Information Extraction TEXT Sample Process (IeTEXTSample)
Information Extraction TEXT Sample Process (IeTEXTSample)
Overview
IeTEXT Sample performs automatic processing of TXT documents. The purpose of the process is to extract the following fields from the TXT order invoice documents:
Invoice Number
Invoice Date
Due Date
Company Name
Street Address
City
Zip Code
Phone Number
Email
Product Name
Product Description
Quantity
Price
Tax Rate
Discount Rate
Total Discount
Total Amount
IeTEXT Sample Lifecycle includes:
Prerequisites
In order to successfully set up and run IeTEXT Sample Process:
Ensure that you have a running node with the "AP_RUN" capabilities.
Upload the IeTEXT Sample package to the Control Server. The package can be found in the following directory: http://<CS host>/nexus/repository/rpaplatform/eu/ibagroup/samples/ap/easy-rpa-ietext-ap/<EasyRPA version>/easy-rpa-ietext-ap-<EasyRA version>-bin.zip
The source code can be found here: https://code.easyrpa.eu/easyrpa/easy-rpa-samples/-/tree/dev/easy-rpa-ml-aps/easy-rpa-ietext-apEnsure the following details are provided for the IeTEXT automation process in the Automation Process Details tab
Module class: eu.ibagroup.sample.ml.ietext.IeTextSample
Group Id: eu.ibagroup.samples.ap
Artifact Id: easy-rpa-ietext-ap
Version Id: <EasyRPA version>
IeText Sample Process Package structure
Artefact | Description |
---|---|
TEXT IE Sample | IeText Sample automation process |
IE_TEXT_SAMPLE_DOCUMENTS | Datastore used for extraction automation process |
IE_TEXT_SAMPLE | Information extraction document set. Contains order invoice test samples |
TEXT IE Sample | Invoice information extraction document type. Defines the entities to be extracted from order invoices. |
HTML Information Extraction Task | Information Extraction human task type. Defines the task input form in the Workspace |
easy-rpa-ietext-ap-<EasyRPA version>.jar | Root archive and dependencies. Contains code of IeTEXT Sample automation process |
html_ie_invoice_pre-<version>.tar | Information extraction from TEXT order invoices ML model |
storage/data | Folder that contains documents to be uploaded in File Storage |
Configuration Parameters for IeTEXT Sample Automation Process:
Key | Default Value | Description |
---|---|---|
inputFolder | ietext_sample/input | File Storage folder where input documents are stored. |
fileFilter | .*\.txt | Regular expression for files to select. |
configuration | { | dataStore - the datastore name where to store input documents documentType - the document type name to use for classification. runModel - the model name and version to run storagePath - the document path on a storage to use Json parameter that provides mapping of document types and corresponding ML models and contains model name, model version and document type name of each model. |
Included Steps
Step 1. Ingest Documents
RPA bot extracts documents from the dedicated folder in File Storage. It compiles a list of documents to be processed. The status of the document which has just been extracted for processing is 'NEW'.
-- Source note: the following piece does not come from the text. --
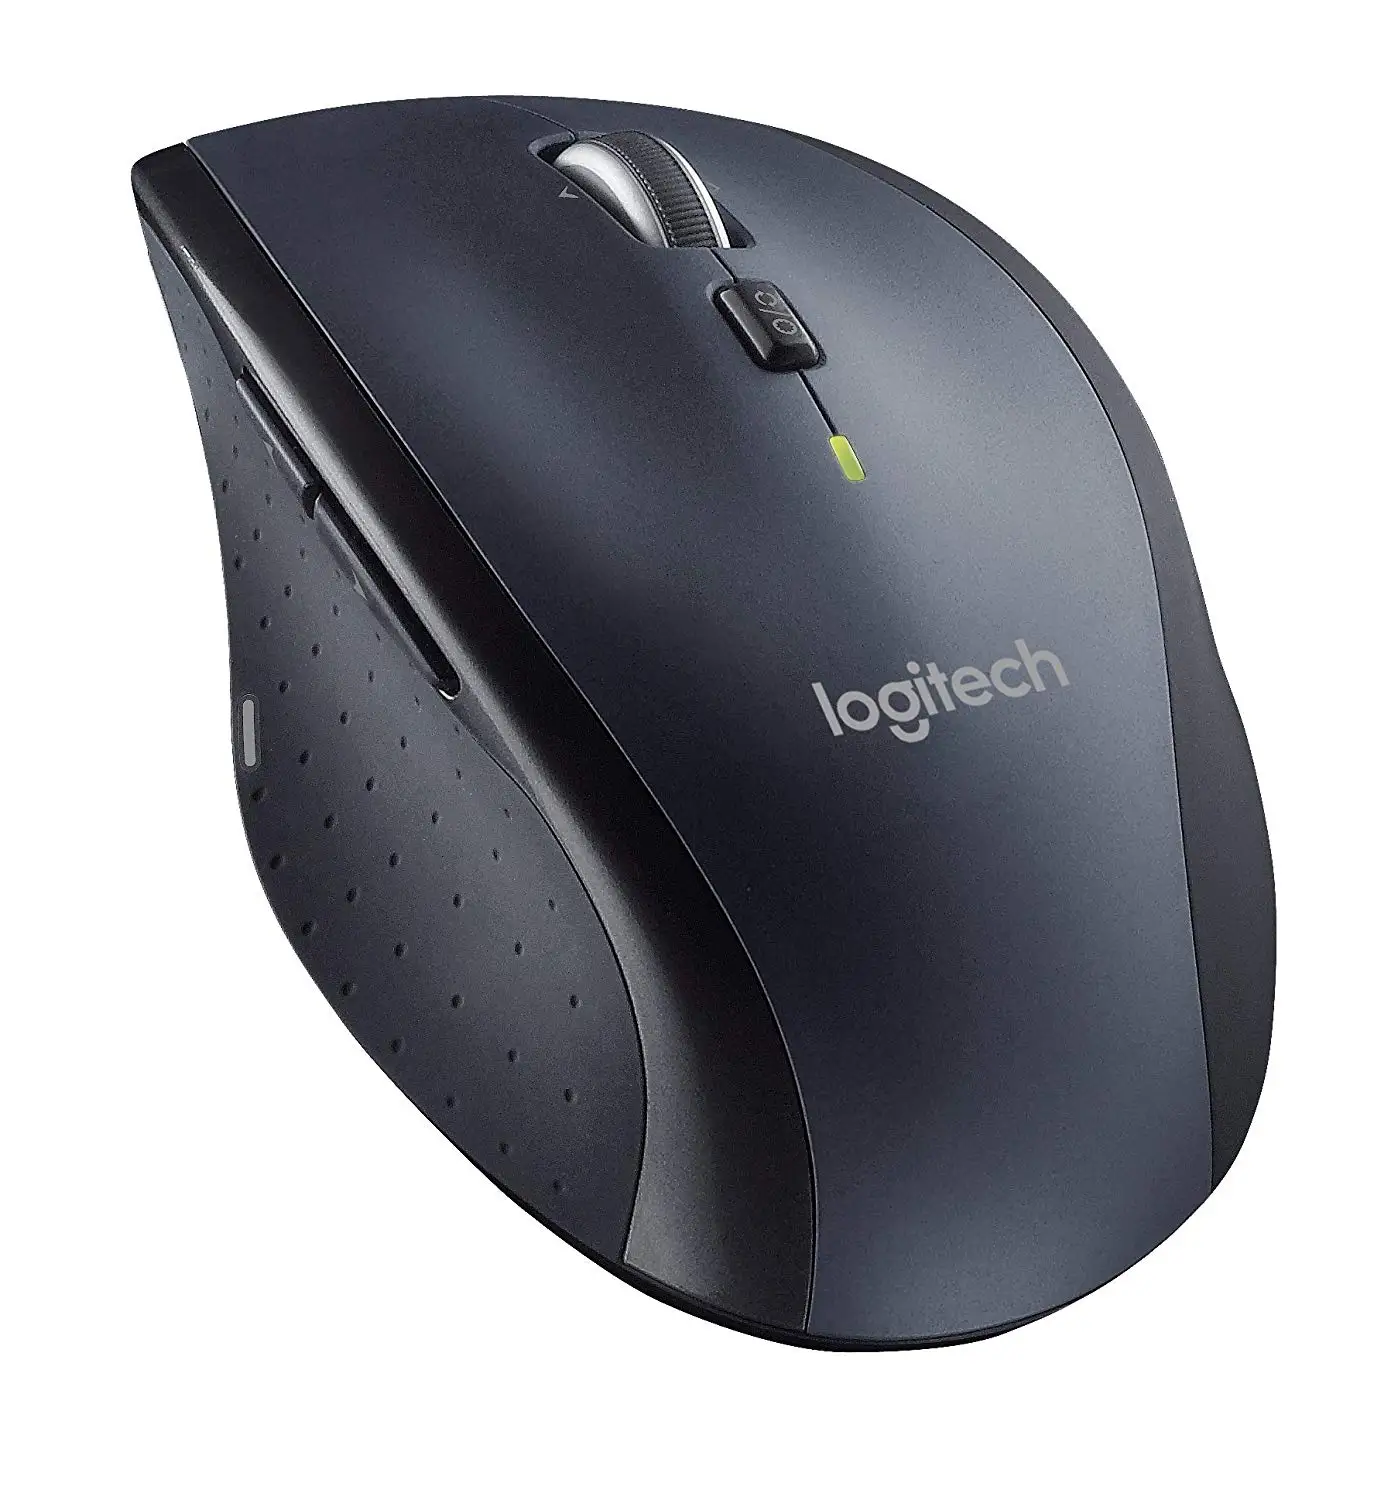 Lighed bid Øjeblik Logitech M705 Laser Wireless Mouse Support Official Verification With  2.4ghz Wireless 1000dpi For Windows 10/8/7 - Mouse - AliExpress

When a list of documents has been generated RPA bot prepares batches of documents for processing. The number of documents in a batch is determined by the configuration parameter batchSize.
After this step a separate workflow of RPA and ML tasks is created for each TXT document.
Step 2. Prepare Documents
On this step input data for ML model execution is prepared. As part of the preparation TXT→HTML conversion is employed (done in the HTML IE Document Processor itself - no additional setup is required). Files created as a result of the original document processing are saved to the same ietext_sample File Storage folder where the original document is stored.
Step 3. Extract Data
The ML Information Extraction model is employed to extract the specific fields from HTML invoice order documents.
Step 4. Verify Extracted Data
This step enables human verification and corrections to ensure accuracy of data extracted. After the relevant business entities have been extracted from a document, a human task is created and needs to be completed in Workspace. It contains ML Information Extraction model output that humans can review, validate and correct.